Takeaway app Deliveroo picks London for share listing

A courier for food delivery service Deliveroo rides a bike, in London, Britain, Mar 24, 2020. REUTERS/Dylan Martinez

LONDON: Takeaway meals app Deliveroo on Thursday (Mar 4) said it had chosen London for its stock market listing, which is set to value the group at more than US$7.0 billion (5.8 billion euros).

Deliveroo, in line with other home-delivery companies, has seen demand soar in the past year owing to lockdowns during the coronavirus pandemic.

"London is a great place to live, work, do business and eat. That's why I'm so proud and excited about a potential listing here," Deliveroo chief executive Will Shu said in a statement.

Shu launched the company in 2013 with a delivery in London.

"After eight years of operations and rapid expansion around the globe, choosing London underlines Deliveroo's commitment to making the United Kingdom its long-term home," the group said.

Shu said it wants Deliveroo "to be the definitive food company, bringing consumers the best choice of foods, giving restaurants new opportunities to grow their businesses, and providing riders with great work".

Deliveroo in January confirmed it was targeting a stock market listing after a fundraising round valued the company at more than US$7.0 billion.
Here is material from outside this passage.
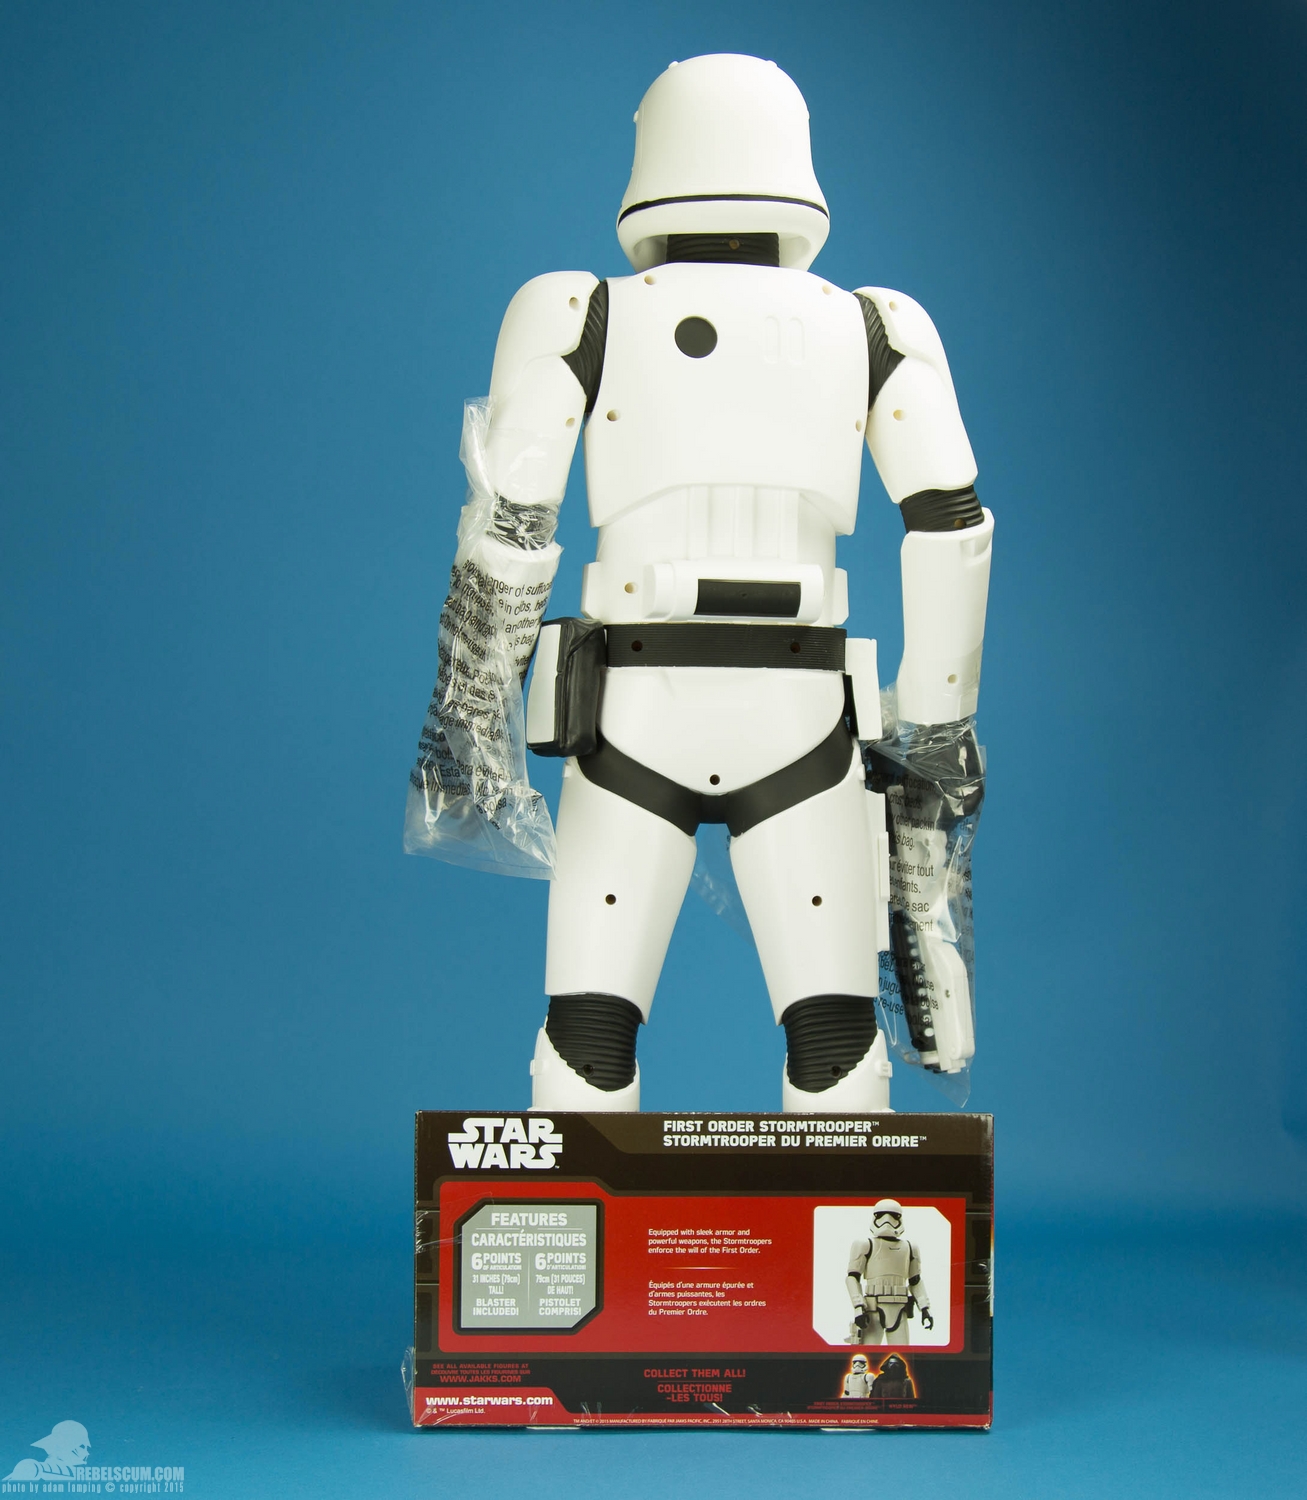 jakks-pacific-first-order-stormtrooper-31-inch-figure-015.jpg
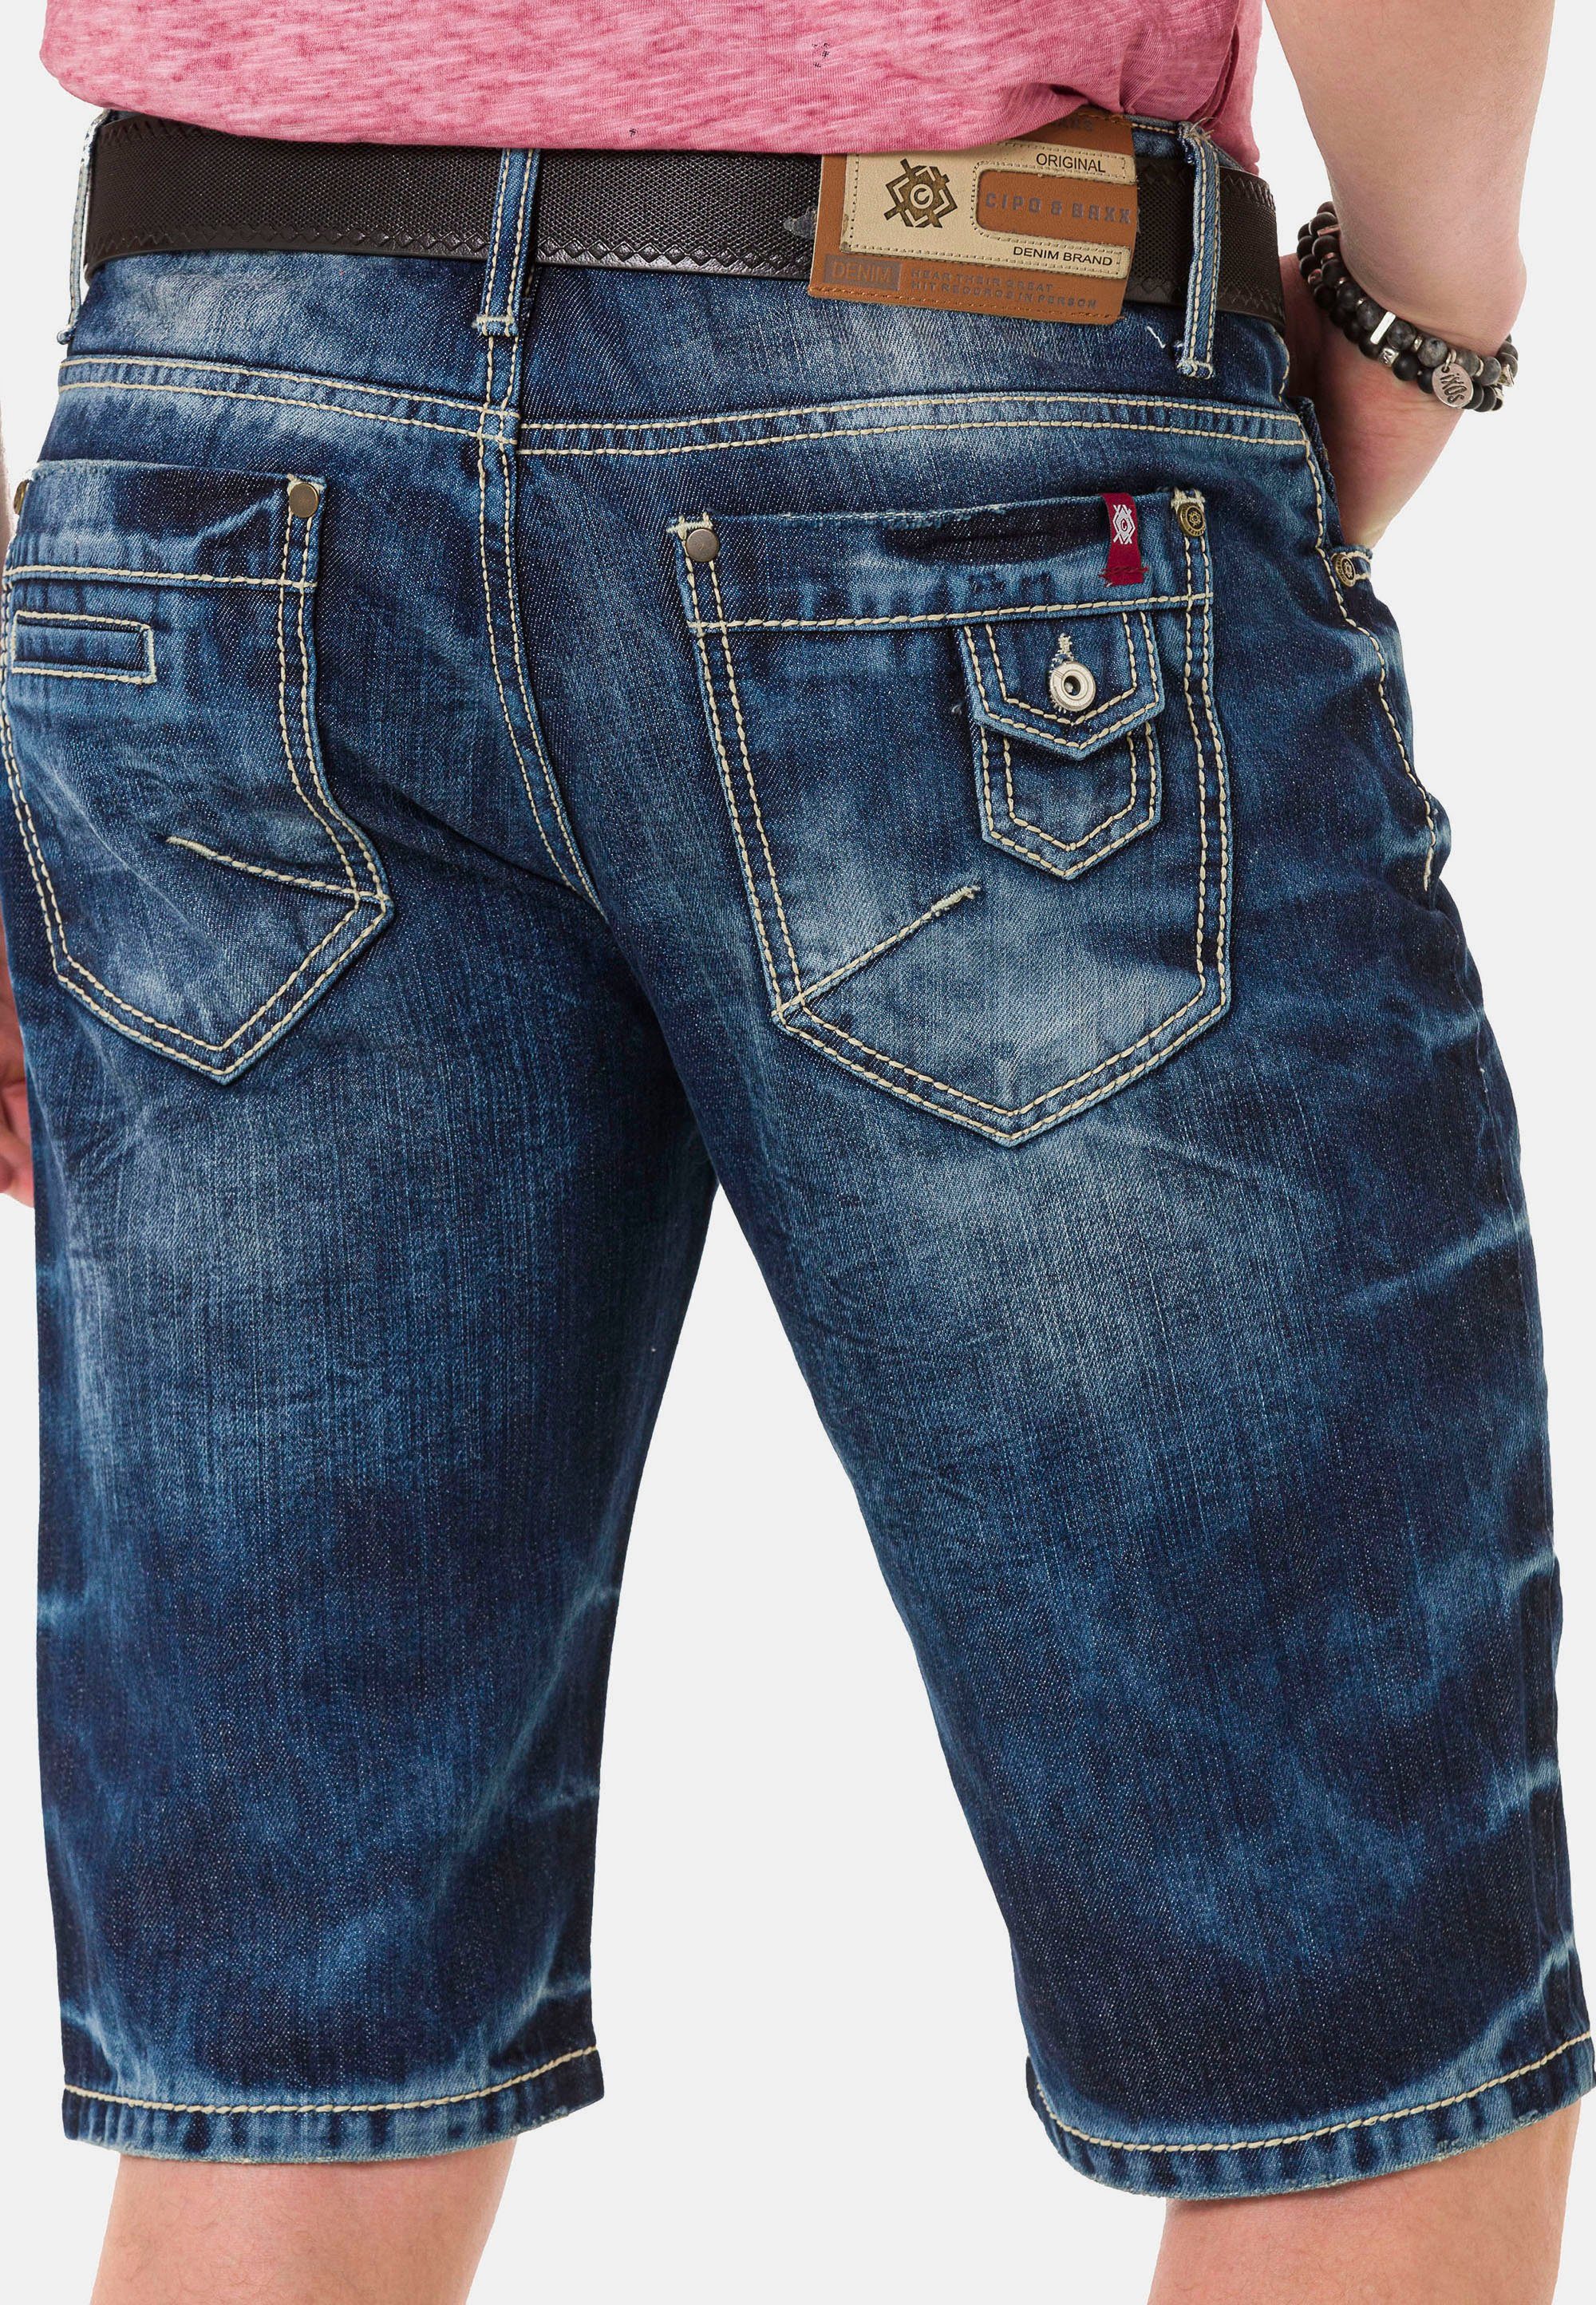 & trendiger Baxx Cipo Used-Waschung mit Shorts

Reports say the initial public offering will come later in the spring.

British finance minister Rishi Sunak welcomed Thursday's announcement.

"The UK is one of the best places in the world to start, grow and list a business - and we're determined to build on this reputation now we've left the EU," he said in comments included in the Deliveroo statement.

"Deliveroo has created thousands of jobs and is a true British tech success story," he added.

Deliveroo works with 140,000 restaurants in 800 cities to deliver meals to customers' homes.

But its business has come under scrutiny, including in Britain, France and Spain, as its freelance delivery riders complain of working conditions, reflecting wider concerns over their rights in the gig economy.